The one in which the universe puts our heroine where it wants her, in Seronga

We entered the putridly lilac painted room and sat in the horseshoe shaped arrangement of chairs (“blue chairs for trainees, white chairs for everyone else,” the main man intoned repeatedly, as if we couldn’t hear him from out the door and down the hallway.) In the front of the room was lined with a small map, a long table, and a easel covered with a sheet, the likes of which we have grown to know and fear throughout training (It seems everything in Botswana must, absolutely must, be done on flip chart paper. They hand it out daily to facilitate the creation of endless numbers of unintelligible and illegible artistic group project renditions of whatever point the trainers are trying to encourage us to illustrate. We collectively hate the large white paper.)
We herded into the room, with a group of this size, everything you do has the effect of both herding and group mentality. We settled in and waited together anxiously, all 56 of us, and when I say anxiously, I mean you could feel the electricity in the room. We could have lit up some big ass building in NYC with our nervous energy. The powers that be began their speeches, all cultural formalities with the exception of prayer observed, and none of which I was paying attention to, choosing instead to sink into the numbness and mind wandering that I often retreat into while they talk at us in training. In my pocket today was a piece of smooth blue sea glass, collected in the early morning on Pismo beach on my last trip to Cali, with my dear friend E. I sometimes carry it with me here, to bring me comfort, as a small thing to rub as a worry stone when I'm anxious. When I don't have that I often take a small piece of pewter in the shape of a shell with a copy of the labrynth that was a souviner from the cathedral in san Fran, a shell being the sign of pilgrims and wanderers, reminding me that it is solved by traveling.
Suddenly, there was movement in the front of the room as they pulled back the sheet which had been covering not a flip chart, but a map filled with little tiny variously colored numbers. They informed us, as though we were the studio audience of some cheesy game show, us that we had numbers tucked into the bottoms of our chairs. I reached under my chair and I pulled my out my orange card. Number 16. Ok. The girl two seats away from me had the deadly number 56 (the last one).
The process began and I dutifully wrote down everyone’s name and location. My number was called and I went up to the table and searched for my name. I found it packed with a ginger cookie. I thought my name would also have my village name on it, so I immediately thought, foul! My number now became five. I looked at the map, searching through the areas I was expecting, the ones in the south, in the east, the ones surrounded by other people. The space grew. “It’s up and to the left” someone helpfully called. There was number 5. Seronga. All by itself. In the delta. Near the water. The only water. In the country. The place I specifically didn’t want to be, after reflecting on my lack of appreciation for wildlife and disinterest in the wilderness and camping. The place many others wanted to be. I flashed “the crowd” a look of shock and found my way back to my chair, that of the number 16 card. The rest of the announcements went by in a blur. I was able to note when some of my friends got the places they had wanted, the places they had lobbied for, and others walked away from that map with the same look on their face that I did.
It seems that the big water is calling her wayward daughter home. The girl from the land of 10,000 lakes returns to the water, in the country I least expected it. I can only take this as a sign of good things to come, despite my initial hestitancy. Where there is water there is always life, and for me there has always been inspiration. I will be getting my wish to live a life of simplicity, and solitude, and get to know where my edges and center are. There will be big bugs, snakes and the like but I will survive. I can't help but see the irony in be placed in the main place in the country with water and lots of wildlife, some things I have never fully appreciated in the life I left in Minnesota that were also available a plenty. I guess the time to reconcile it all has come.
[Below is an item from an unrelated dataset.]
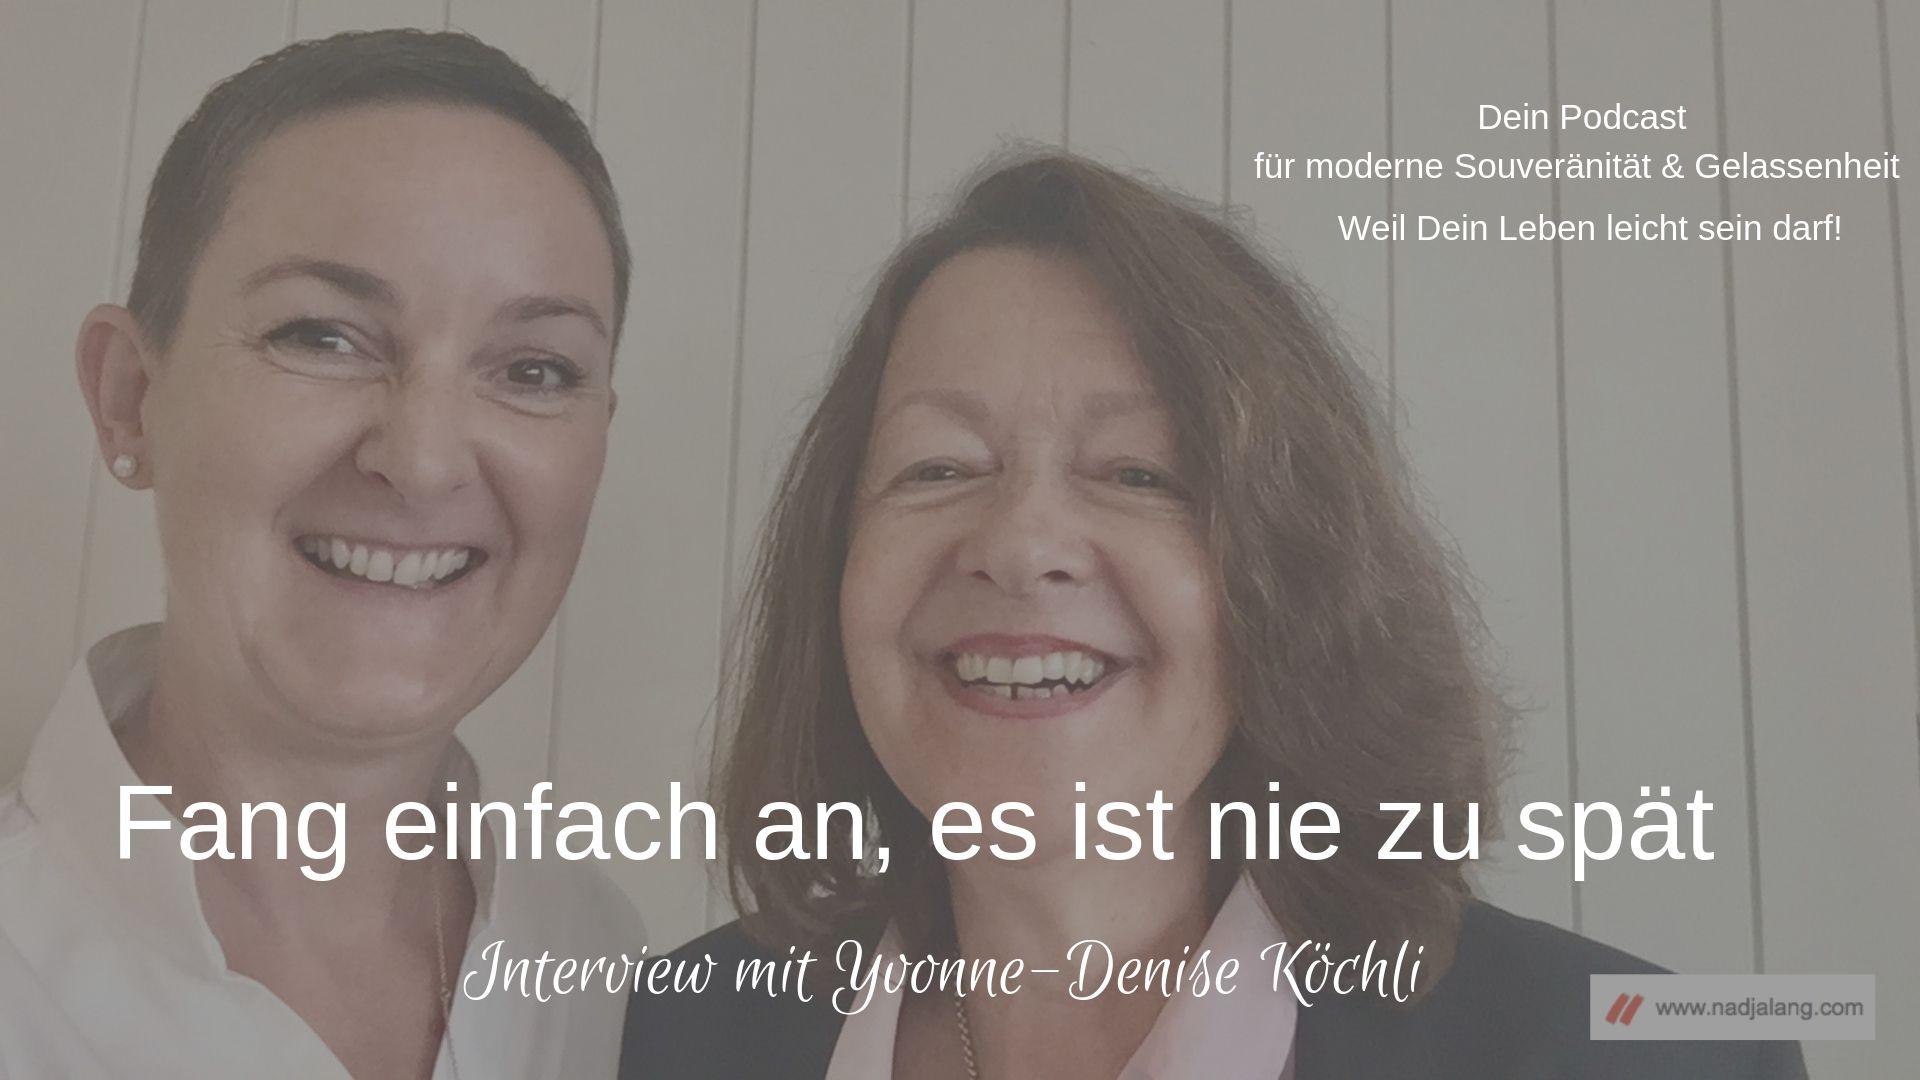 054 Bild Yvonne-Denise Köchli.jpg

So know that although I won't have internet as often, I will do my best to keep in touch. I have a post office in Seronga, (I will get the new address up next week, until then hold off on sending things, the peace corps will hold them for me, but I will be two days out of the office in Gaborone). so I will love to receive letters, and hope to have many pen pals. I've been told I won't have electricity (I'm so looking into solar power!!!!) but there is a generator at the clinic where I work, so perhaps I can write at night and recharge in the day? I've found that writing has become a major stress reliever for me, and am finding this may be increasingly a larger portion of my calling.

I'm scared of and nervous about this new reality, but after much thought, I realized that if fear is all I'm up against, than I have no options but to go forward, as I've done things I've feared before, and come out the other side. It is with this attitude that I continue on my two day journey to Seronga. I have met many people at my stop in Gumare, and they all seem kind (and speak English!!!!). The delta is supposed to be beautiful, and a coveted area for eco-tourism and wildlife excursions (if this encourages anyone to come visit, you are, of course all welcome, my traditional roundaval is your roundaval.) I will report back once I get there. I love you all, and despite the new additional distance, I feel you with me as I go.

1 comment:

johanna h. said...

after reading your accounts, i have forgotten that i'm not closing, but instead on a journey - exactly where i am meant to be at this time.

thank you.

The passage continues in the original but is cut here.